Methods: We included patients with eKOA diagnosis from out-patients clinical of rheumatology department, eKOA was describe as grade I and II by Kellgren and Lawrence scale. We evaluated for presence of metabolic syndrome based of ATP-III. Using a structured clinical questionnaire, we recorded epidemiologic data. Quality of life and joint functionality was evaluated with Lequesne index, EQ-5D and WOMAC. Patients were divided in two groups: eKOA with and without MS. An US was performed in each patient, structural changes in eKOA we evaluated was based in the OMERACT definitions. The structures evaluated include medial superior and lateral recess, anserine and infrapatellar bursitis, medial and lateral meniscus extrusion were scanned in each knee.

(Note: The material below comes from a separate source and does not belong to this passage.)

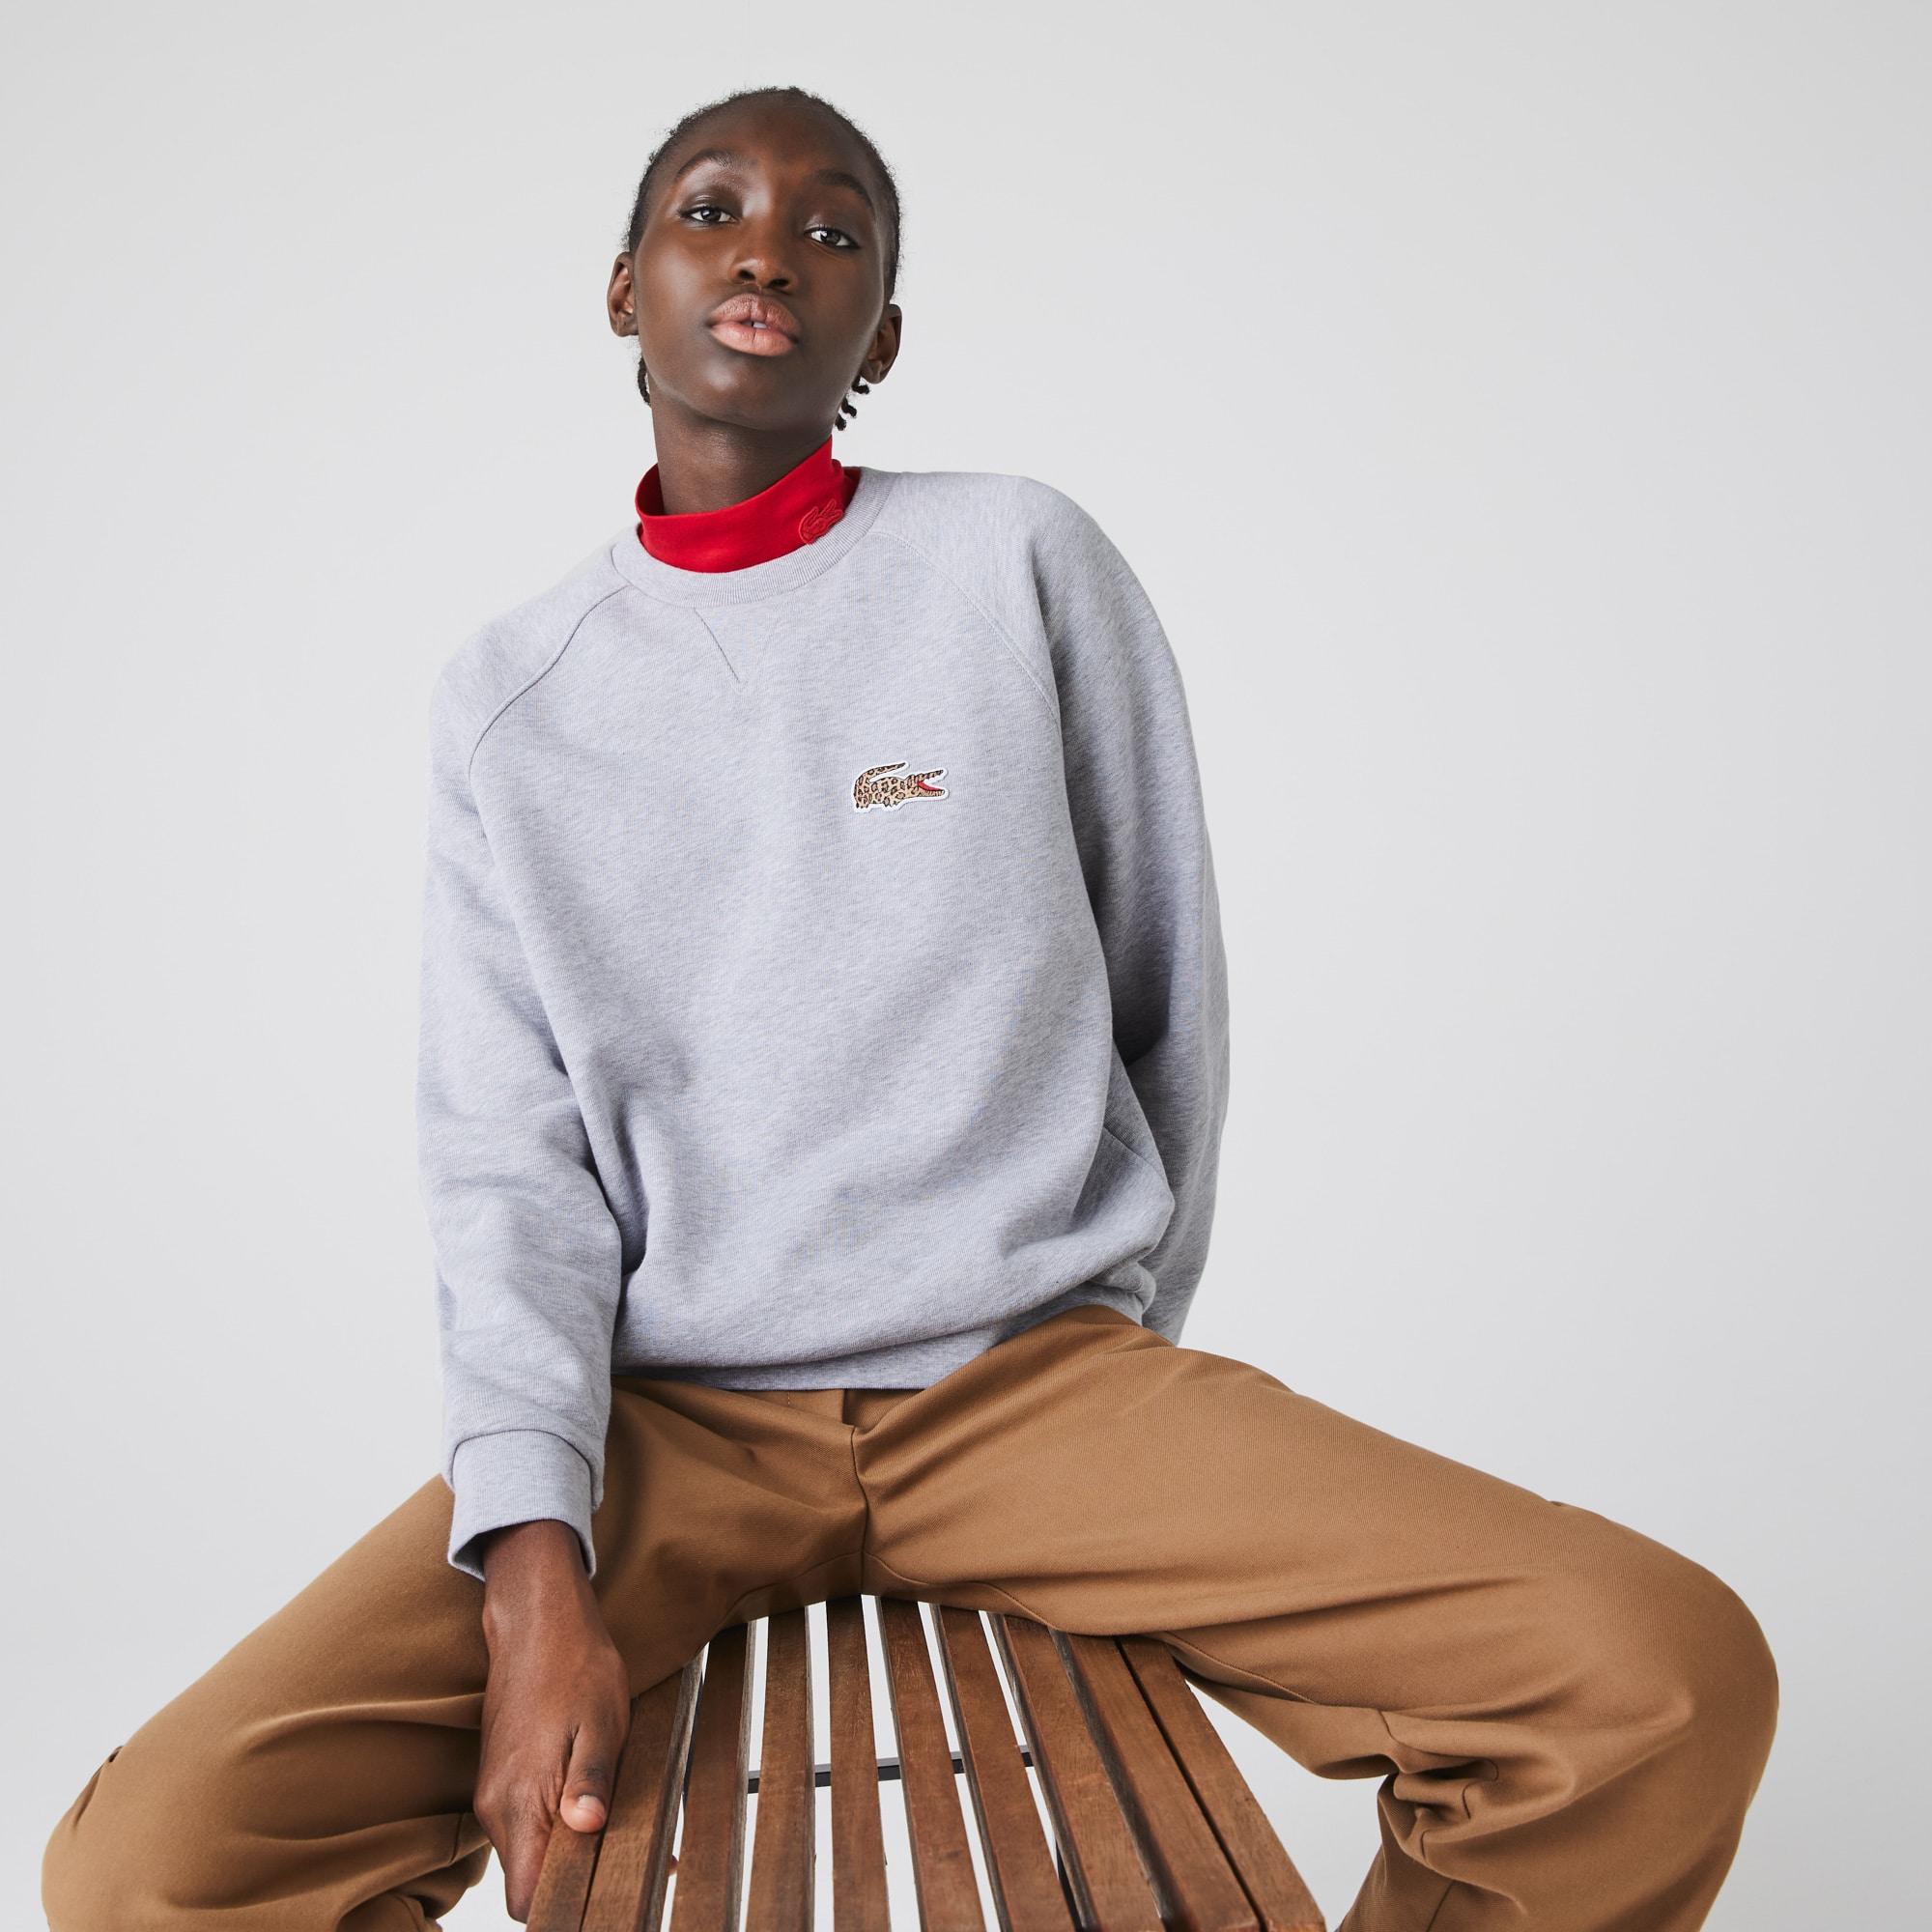 Women's 라코스테 Lacoste x National Geographic Cotton Fleece Sweatshirt
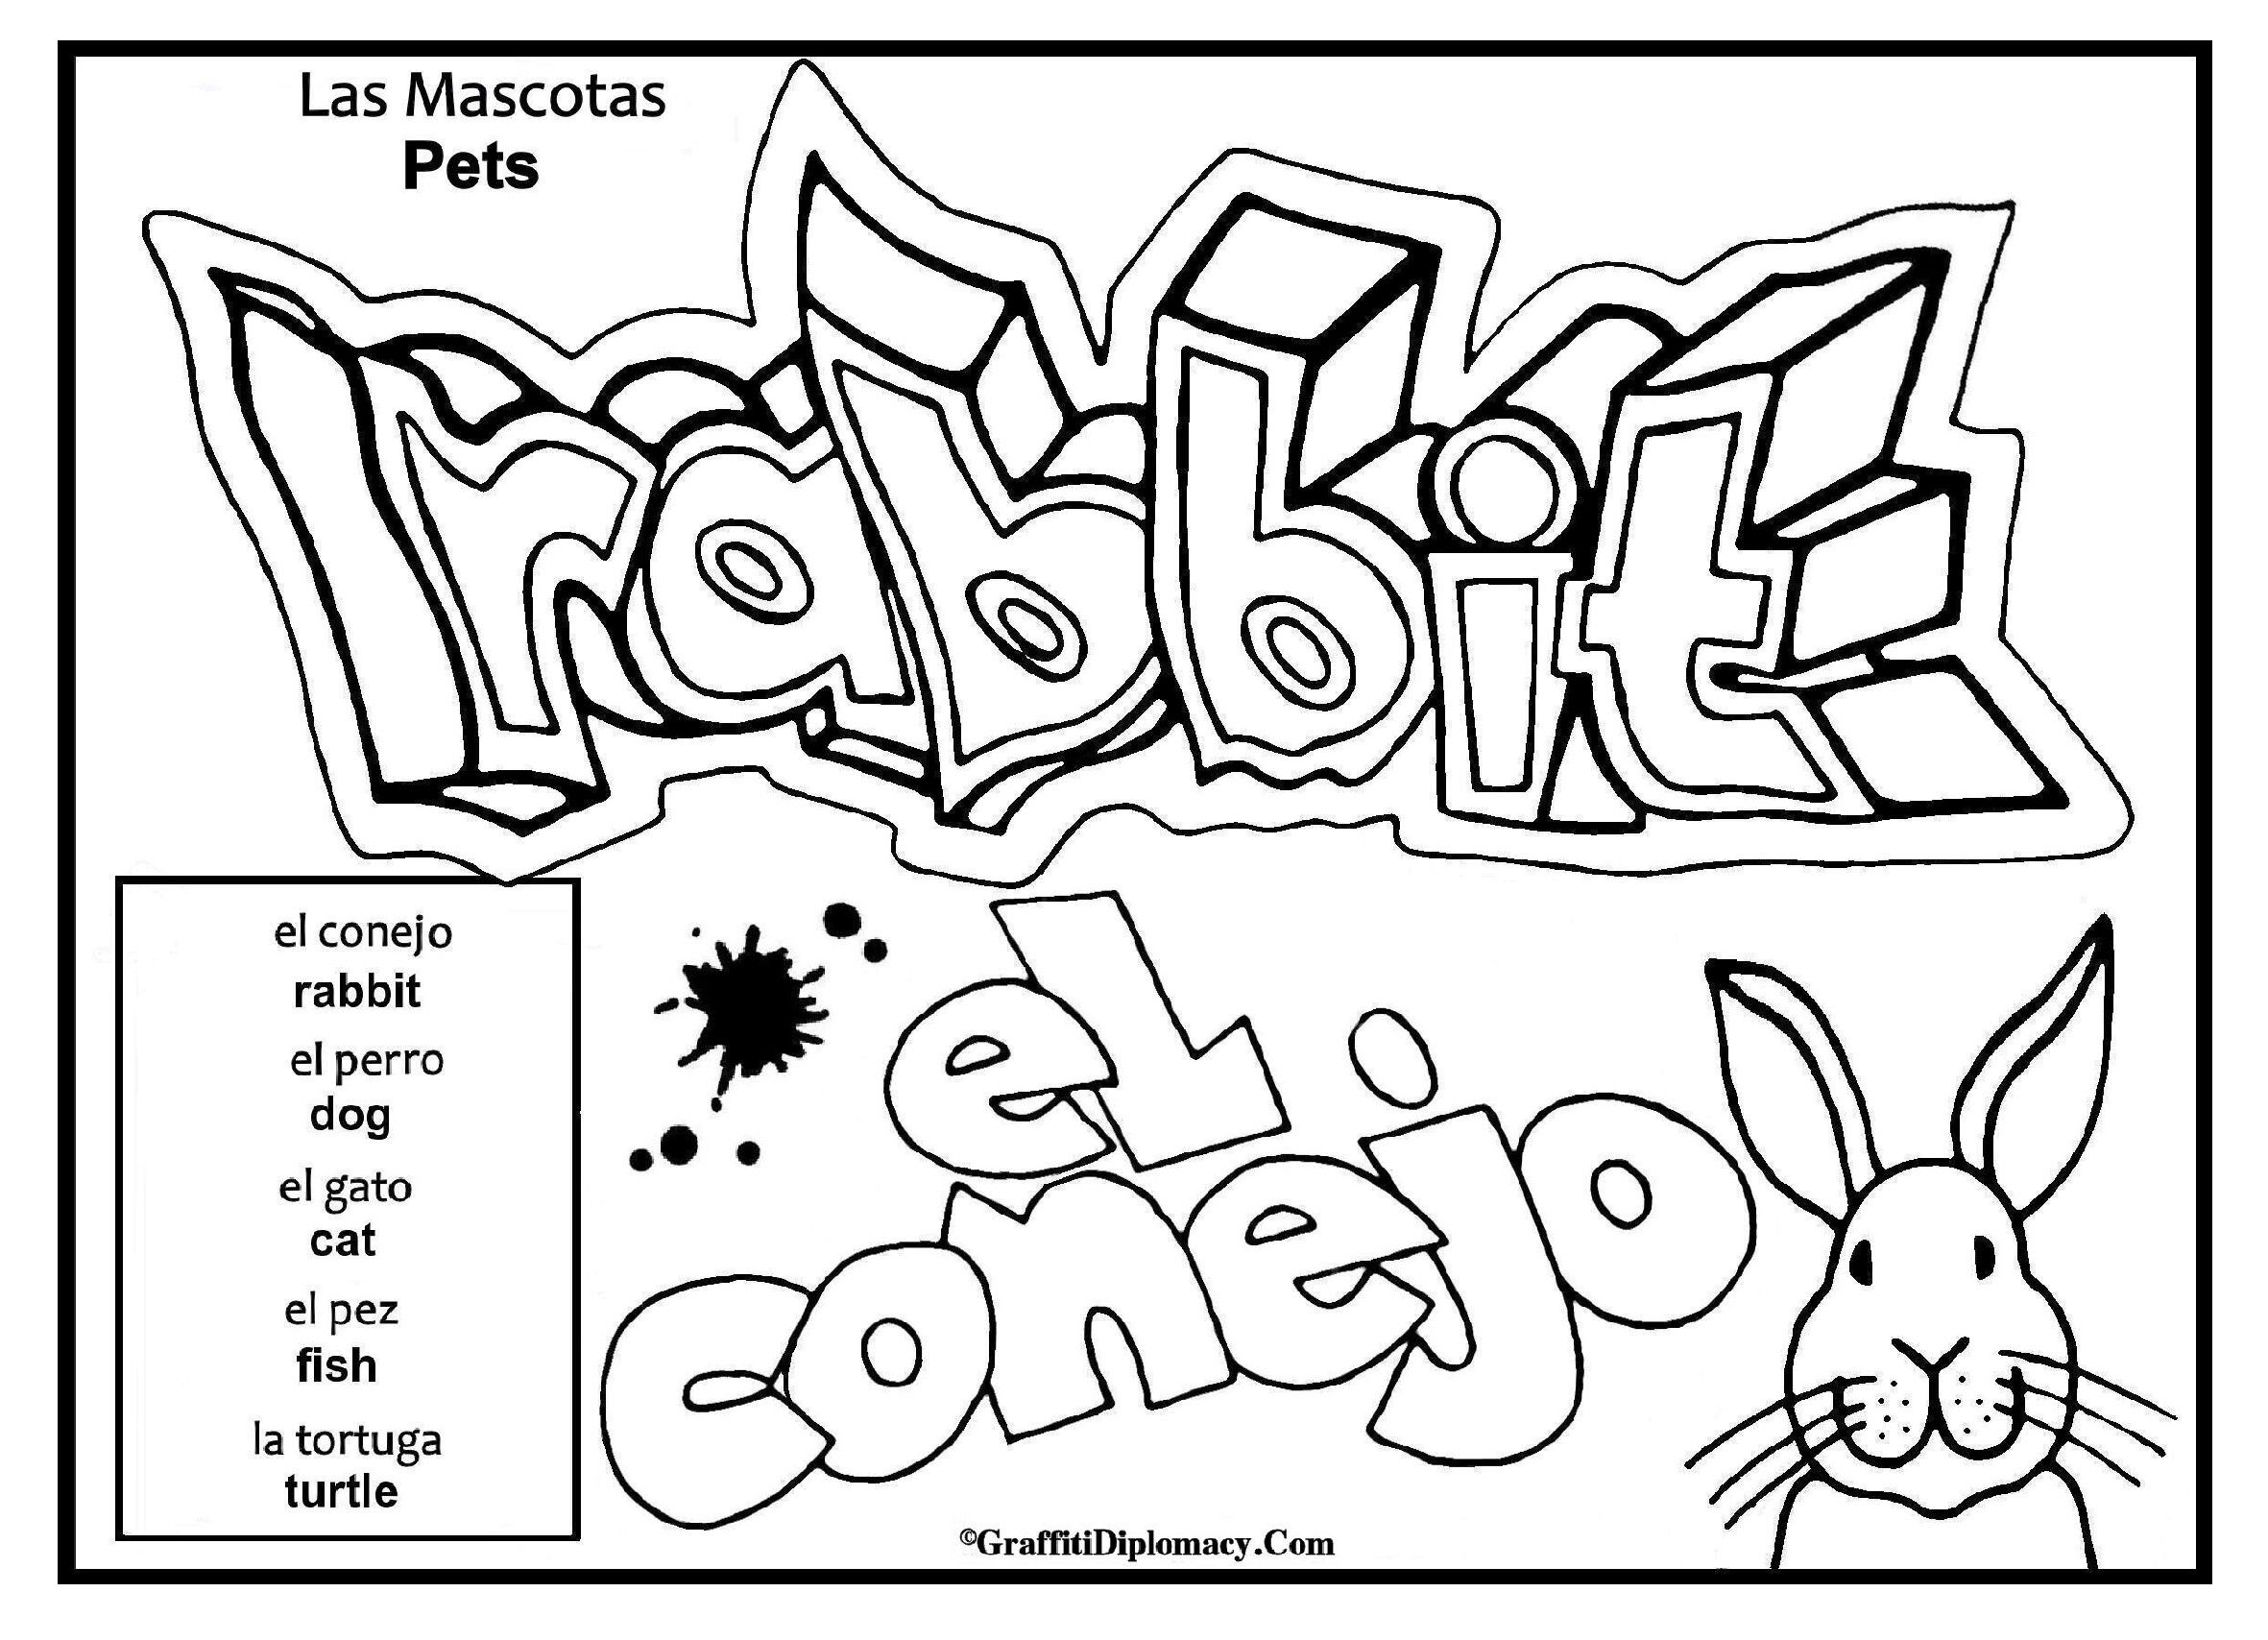 pets las mascotas spanish to english printable graffiti

Statistical Analysis. Descriptive analysis of variables was done. In order to compare two variables, we used bivariate analysis, using t-student, Wilcoxon test, chi2
Results: We include 154 patients, female 132 patients (85.7%) vs. 22 men (14.3%). 51 (33%) patients with MS vs. 108 (67 %) without MS; of MS patients there were 9 (41%) men vs. 42 (59%) women (p=0.402). Median age of females was 47.03 ± 6.85 vs. 46 ± 7.43 in males (p=0.519). The patient with MS realized less physical activity compared with patients without MS. 78.2 % without MS vs. 21.8% (p=0.02). The patient with MS reported some comorbidities: Diabetes Mellitus 38.46%, hypertension 42.1%, hypothyroidism 7.69% and others 13.73% vs patients without MS: Diabetes Mellitus 10.71%, hypertension 17.86 %, dyslipidemia 7.14, venous insufficiency 46.43%, other 17.86 (p=0.003). We found statistical significance in the metabolic syndrome group finding synovitis in medial superior recess of the right knee (p =0.031) and Doppler activity in lateral recess of right knee (p=0.05), without significance in the presence of osteophytes. Quality of life and functionality we did not find statistical significance. (Table 1)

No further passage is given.